● **Collected data entries**:

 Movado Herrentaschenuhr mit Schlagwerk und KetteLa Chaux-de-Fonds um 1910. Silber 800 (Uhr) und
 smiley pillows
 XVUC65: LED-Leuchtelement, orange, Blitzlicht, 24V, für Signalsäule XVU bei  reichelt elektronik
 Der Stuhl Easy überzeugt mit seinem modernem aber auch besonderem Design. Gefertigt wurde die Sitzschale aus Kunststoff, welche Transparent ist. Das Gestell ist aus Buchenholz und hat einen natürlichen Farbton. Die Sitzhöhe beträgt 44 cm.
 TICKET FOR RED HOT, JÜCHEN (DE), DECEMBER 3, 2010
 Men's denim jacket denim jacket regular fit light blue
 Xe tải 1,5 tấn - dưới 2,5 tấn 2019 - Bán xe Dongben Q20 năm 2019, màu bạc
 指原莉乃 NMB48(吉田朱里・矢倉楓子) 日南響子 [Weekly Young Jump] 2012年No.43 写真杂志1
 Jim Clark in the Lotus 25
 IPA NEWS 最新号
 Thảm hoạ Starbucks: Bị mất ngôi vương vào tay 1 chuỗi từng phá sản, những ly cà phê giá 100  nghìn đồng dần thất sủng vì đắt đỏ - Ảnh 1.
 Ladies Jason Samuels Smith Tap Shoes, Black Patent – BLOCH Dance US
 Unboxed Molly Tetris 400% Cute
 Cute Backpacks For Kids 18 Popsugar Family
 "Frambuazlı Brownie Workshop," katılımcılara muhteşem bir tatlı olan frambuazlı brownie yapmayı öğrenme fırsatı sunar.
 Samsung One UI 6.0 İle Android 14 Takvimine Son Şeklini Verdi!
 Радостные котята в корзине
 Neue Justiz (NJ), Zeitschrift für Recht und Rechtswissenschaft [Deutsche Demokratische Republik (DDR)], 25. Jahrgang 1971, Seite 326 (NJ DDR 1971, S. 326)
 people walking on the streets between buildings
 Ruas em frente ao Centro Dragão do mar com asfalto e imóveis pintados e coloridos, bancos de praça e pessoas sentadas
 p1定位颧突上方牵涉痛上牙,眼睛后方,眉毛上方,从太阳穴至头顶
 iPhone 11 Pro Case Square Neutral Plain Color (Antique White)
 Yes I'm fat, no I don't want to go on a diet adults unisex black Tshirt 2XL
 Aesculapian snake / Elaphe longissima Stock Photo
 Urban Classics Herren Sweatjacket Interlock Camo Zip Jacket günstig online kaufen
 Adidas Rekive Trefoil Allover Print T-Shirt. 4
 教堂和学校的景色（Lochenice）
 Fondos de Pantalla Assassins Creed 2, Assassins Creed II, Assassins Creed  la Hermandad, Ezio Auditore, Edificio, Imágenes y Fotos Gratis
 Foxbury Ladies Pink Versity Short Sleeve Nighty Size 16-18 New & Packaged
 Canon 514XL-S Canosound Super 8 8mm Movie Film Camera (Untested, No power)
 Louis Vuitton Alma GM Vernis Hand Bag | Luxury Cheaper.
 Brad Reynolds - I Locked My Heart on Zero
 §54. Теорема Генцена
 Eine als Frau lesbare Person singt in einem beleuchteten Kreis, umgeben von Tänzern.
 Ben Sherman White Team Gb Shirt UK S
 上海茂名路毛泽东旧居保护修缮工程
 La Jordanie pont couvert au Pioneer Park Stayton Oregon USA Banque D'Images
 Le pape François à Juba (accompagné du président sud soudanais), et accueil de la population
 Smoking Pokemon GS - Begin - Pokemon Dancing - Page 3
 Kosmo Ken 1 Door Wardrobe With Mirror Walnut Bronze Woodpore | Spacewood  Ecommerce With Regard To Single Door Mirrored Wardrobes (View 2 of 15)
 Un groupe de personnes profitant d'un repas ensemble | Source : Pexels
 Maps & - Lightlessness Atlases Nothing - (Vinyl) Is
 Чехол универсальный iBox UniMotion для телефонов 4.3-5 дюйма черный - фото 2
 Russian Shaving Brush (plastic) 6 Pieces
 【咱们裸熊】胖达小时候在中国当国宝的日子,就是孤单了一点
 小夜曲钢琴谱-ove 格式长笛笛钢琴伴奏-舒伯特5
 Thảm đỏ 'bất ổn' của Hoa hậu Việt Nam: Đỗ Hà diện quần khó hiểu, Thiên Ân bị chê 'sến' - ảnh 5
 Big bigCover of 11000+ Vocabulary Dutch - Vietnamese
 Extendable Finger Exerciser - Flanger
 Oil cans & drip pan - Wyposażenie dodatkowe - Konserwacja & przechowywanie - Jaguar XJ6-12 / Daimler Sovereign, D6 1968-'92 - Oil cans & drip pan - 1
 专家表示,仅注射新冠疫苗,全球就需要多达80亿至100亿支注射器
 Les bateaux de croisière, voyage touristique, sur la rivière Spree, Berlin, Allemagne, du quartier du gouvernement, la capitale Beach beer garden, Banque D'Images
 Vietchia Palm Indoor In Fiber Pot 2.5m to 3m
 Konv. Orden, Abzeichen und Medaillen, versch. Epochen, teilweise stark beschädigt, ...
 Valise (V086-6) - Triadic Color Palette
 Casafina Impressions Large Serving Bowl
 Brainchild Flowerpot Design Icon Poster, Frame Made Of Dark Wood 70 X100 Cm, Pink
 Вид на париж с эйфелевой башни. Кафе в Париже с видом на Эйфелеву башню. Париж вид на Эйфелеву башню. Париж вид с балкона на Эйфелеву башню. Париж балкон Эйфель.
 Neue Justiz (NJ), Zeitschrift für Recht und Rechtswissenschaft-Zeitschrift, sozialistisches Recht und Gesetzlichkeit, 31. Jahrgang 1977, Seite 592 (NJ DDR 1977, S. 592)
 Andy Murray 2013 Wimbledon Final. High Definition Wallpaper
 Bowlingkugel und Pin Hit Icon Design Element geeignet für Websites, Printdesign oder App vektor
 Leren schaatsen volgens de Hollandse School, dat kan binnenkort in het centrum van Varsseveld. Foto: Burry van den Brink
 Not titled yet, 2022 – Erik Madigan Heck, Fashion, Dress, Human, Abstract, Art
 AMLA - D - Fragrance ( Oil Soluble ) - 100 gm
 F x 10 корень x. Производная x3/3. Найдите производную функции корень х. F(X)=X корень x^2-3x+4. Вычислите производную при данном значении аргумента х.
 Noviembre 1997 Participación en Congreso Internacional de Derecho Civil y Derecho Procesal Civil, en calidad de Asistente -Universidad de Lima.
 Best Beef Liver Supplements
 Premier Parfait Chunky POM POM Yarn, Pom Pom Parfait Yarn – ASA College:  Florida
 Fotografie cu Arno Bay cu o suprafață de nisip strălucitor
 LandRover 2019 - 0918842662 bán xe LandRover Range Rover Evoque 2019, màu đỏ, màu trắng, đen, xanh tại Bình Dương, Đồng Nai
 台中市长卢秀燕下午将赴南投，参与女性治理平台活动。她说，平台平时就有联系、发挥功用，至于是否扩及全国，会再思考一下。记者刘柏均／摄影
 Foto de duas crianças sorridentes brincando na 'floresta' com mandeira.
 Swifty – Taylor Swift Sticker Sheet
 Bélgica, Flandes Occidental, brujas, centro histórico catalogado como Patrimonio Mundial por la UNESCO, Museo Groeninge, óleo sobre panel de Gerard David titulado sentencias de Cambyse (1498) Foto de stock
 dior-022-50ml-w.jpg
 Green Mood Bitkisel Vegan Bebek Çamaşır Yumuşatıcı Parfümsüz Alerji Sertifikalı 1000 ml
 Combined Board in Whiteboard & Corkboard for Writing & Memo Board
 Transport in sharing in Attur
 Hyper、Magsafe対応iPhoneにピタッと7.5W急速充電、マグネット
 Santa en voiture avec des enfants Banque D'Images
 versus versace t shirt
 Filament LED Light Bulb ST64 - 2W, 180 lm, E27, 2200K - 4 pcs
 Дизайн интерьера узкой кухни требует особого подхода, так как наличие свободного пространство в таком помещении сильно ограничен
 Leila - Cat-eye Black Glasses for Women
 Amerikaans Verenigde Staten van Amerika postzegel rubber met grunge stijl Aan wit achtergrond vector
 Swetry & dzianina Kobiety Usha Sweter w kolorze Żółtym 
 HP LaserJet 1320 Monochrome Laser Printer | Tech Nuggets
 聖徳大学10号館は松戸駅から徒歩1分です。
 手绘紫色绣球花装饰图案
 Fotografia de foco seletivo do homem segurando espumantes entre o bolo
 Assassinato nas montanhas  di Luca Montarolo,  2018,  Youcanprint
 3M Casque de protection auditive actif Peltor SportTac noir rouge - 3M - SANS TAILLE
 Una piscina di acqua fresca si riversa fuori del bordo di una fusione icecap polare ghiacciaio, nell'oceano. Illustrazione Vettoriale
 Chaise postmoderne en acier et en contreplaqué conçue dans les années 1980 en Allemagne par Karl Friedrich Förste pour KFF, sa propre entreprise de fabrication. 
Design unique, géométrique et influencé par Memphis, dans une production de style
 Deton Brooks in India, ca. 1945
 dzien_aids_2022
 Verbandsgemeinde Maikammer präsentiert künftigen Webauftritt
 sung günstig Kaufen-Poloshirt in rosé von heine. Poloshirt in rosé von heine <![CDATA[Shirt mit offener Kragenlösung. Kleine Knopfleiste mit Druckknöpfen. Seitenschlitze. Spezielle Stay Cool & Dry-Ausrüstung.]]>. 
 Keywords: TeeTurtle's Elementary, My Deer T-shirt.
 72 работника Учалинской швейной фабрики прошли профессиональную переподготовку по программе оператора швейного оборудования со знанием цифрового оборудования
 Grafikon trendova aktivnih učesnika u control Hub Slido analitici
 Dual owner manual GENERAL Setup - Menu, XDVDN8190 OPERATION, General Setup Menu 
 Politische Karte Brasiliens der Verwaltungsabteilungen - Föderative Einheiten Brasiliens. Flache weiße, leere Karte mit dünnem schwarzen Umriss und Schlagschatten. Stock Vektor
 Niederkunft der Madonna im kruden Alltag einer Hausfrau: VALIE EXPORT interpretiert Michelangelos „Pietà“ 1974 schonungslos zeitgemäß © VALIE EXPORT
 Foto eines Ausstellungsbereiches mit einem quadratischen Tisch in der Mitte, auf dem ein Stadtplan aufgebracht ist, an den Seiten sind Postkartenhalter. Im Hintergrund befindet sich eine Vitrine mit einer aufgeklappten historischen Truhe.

● **Your goal**:
Look above for the line holding "Combined Board in", then set down exactly that line and every line after it up to and including the line holding "Fotografia de foco", with nothing else.

● **Solution to this task**:
 Combined Board in Whiteboard & Corkboard for Writing & Memo Board
 Transport in sharing in Attur
 Hyper、Magsafe対応iPhoneにピタッと7.5W急速充電、マグネット
 Santa en voiture avec des enfants Banque D'Images
 versus versace t shirt
 Filament LED Light Bulb ST64 - 2W, 180 lm, E27, 2200K - 4 pcs
 Дизайн интерьера узкой кухни требует особого подхода, так как наличие свободного пространство в таком помещении сильно ограничен
 Leila - Cat-eye Black Glasses for Women
 Amerikaans Verenigde Staten van Amerika postzegel rubber met grunge stijl Aan wit achtergrond vector
 Swetry & dzianina Kobiety Usha Sweter w kolorze Żółtym 
 HP LaserJet 1320 Monochrome Laser Printer | Tech Nuggets
 聖徳大学10号館は松戸駅から徒歩1分です。
 手绘紫色绣球花装饰图案
 Fotografia de foco seletivo do homem segurando espumantes entre o bolo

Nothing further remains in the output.